Wabah Hantavirus di Kapal Pesiar, Evakuasi Medis Disiapkan di Kepulauan Canary

Berita3 Dilihat

DermayuMagz.com – Situasi genting terjadi di tengah lautan saat kapal pesiar MV Hondius yang berlayar dari Argentina dilaporkan mengalami wabah hantavirus. Wabah ini telah merenggut nyawa tiga orang dan menimbulkan kekhawatiran akan penyebarannya, memaksa dilakukannya evakuasi medis darurat ke Kepulauan Canary, Spanyol.

Kapal yang dioperasikan oleh Oceanwide Expeditions ini telah berlayar selama kurang lebih sebulan. Setelah sempat singgah di Cape Verde, otoritas kesehatan memutuskan bahwa fasilitas di sana tidak memadai untuk menangani situasi darurat yang terjadi di atas kapal. Keputusan evakuasi ke Kepulauan Canary diambil karena lokasi tersebut memiliki fasilitas medis yang lebih memadai dan dianggap sebagai titik terdekat untuk memberikan penanganan yang dibutuhkan.

Kementerian Kesehatan Spanyol mengonfirmasi bahwa dua orang yang membutuhkan penanganan medis segera adalah awak kapal, termasuk seorang dokter berkebangsaan Inggris. Keduanya dijadwalkan akan dievakuasi menggunakan pesawat medis khusus menuju Kepulauan Canary. Selain itu, satu orang lainnya yang memiliki kaitan dengan salah satu penumpang asal Jerman yang meninggal dunia, juga masuk dalam daftar prioritas evakuasi.

Baca juga: Aplikasi Mahasiswa Polindra Dukung Perumdam Tirta Darma Ayu

Organisasi Kesehatan Dunia (WHO) menekankan bahwa Cape Verde tidak memiliki kapasitas yang cukup untuk mengatasi wabah yang terjadi di kapal pesiar tersebut. Keputusan untuk memindahkan penanganan ke Kepulauan Canary dinilai sebagai langkah yang paling logis, mengingat tanggung jawab moral dan hukum yang dimiliki Spanyol dalam situasi seperti ini.

Hingga berita ini diturunkan, WHO melaporkan adanya tujuh kasus hantavirus di atas kapal MV Hondius. Dari jumlah tersebut, dua kasus telah terkonfirmasi positif, sementara lima kasus lainnya masih berstatus suspek.
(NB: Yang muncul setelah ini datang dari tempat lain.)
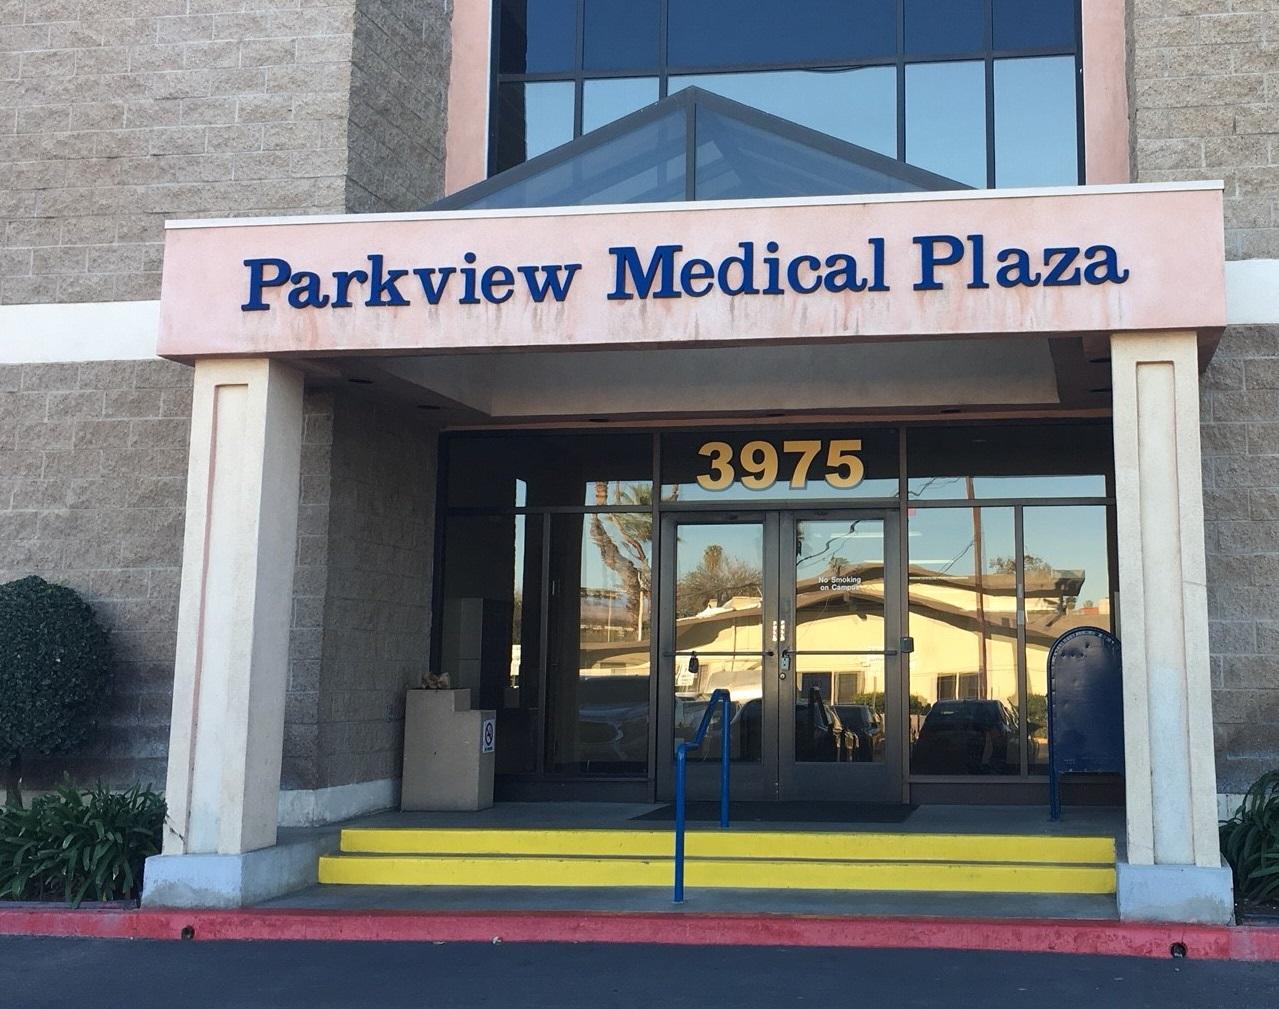 Riverside sleep center - Advanced Sleep Medicine Services - Entrance

Salah satu korban meninggal adalah seorang wanita asal Belanda. Kasus lain yang telah dikonfirmasi adalah seorang warga Inggris berusia 69 tahun yang sebelumnya telah dievakuasi ke Afrika Selatan.

Menariknya, dua korban lain yang meninggal dunia, yaitu suami dari pasien asal Belanda dan seorang warga negara Jerman, belum dapat dikonfirmasi positif hantavirus. Hal ini menimbulkan pertanyaan mengenai kompleksitas diagnosis penyakit ini, terutama dalam kondisi keterbatasan fasilitas dan isolasi yang ketat di atas kapal.

Meskipun hantavirus umumnya ditularkan melalui kontak dengan hewan pengerat, WHO tidak menutup kemungkinan adanya penularan antarmanusia dalam kondisi tertentu. Kontak yang sangat dekat di ruang yang terbatas, seperti yang terjadi di kapal pesiar, dapat meningkatkan risiko penularan. Namun, risiko penyebaran virus ini kepada masyarakat luas dinilai masih relatif rendah.

Sebanyak 149 penumpang yang berasal dari 23 negara berbeda masih berada di atas kapal. Seluruh penumpang dan awak kapal saat ini menjalani protokol pencegahan yang sangat ketat. Setelah tiba di Kepulauan Canary, yang diperkirakan akan terjadi dalam tiga hingga empat hari ke depan, seluruh individu di atas kapal akan menjalani pemeriksaan kesehatan secara menyeluruh.

Pemerintah Spanyol telah menegaskan komitmennya untuk memastikan bahwa seluruh proses penanganan dan pemeriksaan dilakukan di fasilitas yang terisolasi dan menggunakan transportasi khusus. Langkah ini diambil untuk meminimalkan kontak dengan masyarakat lokal dan untuk melindungi para tenaga medis yang terlibat dalam penanganan wabah ini.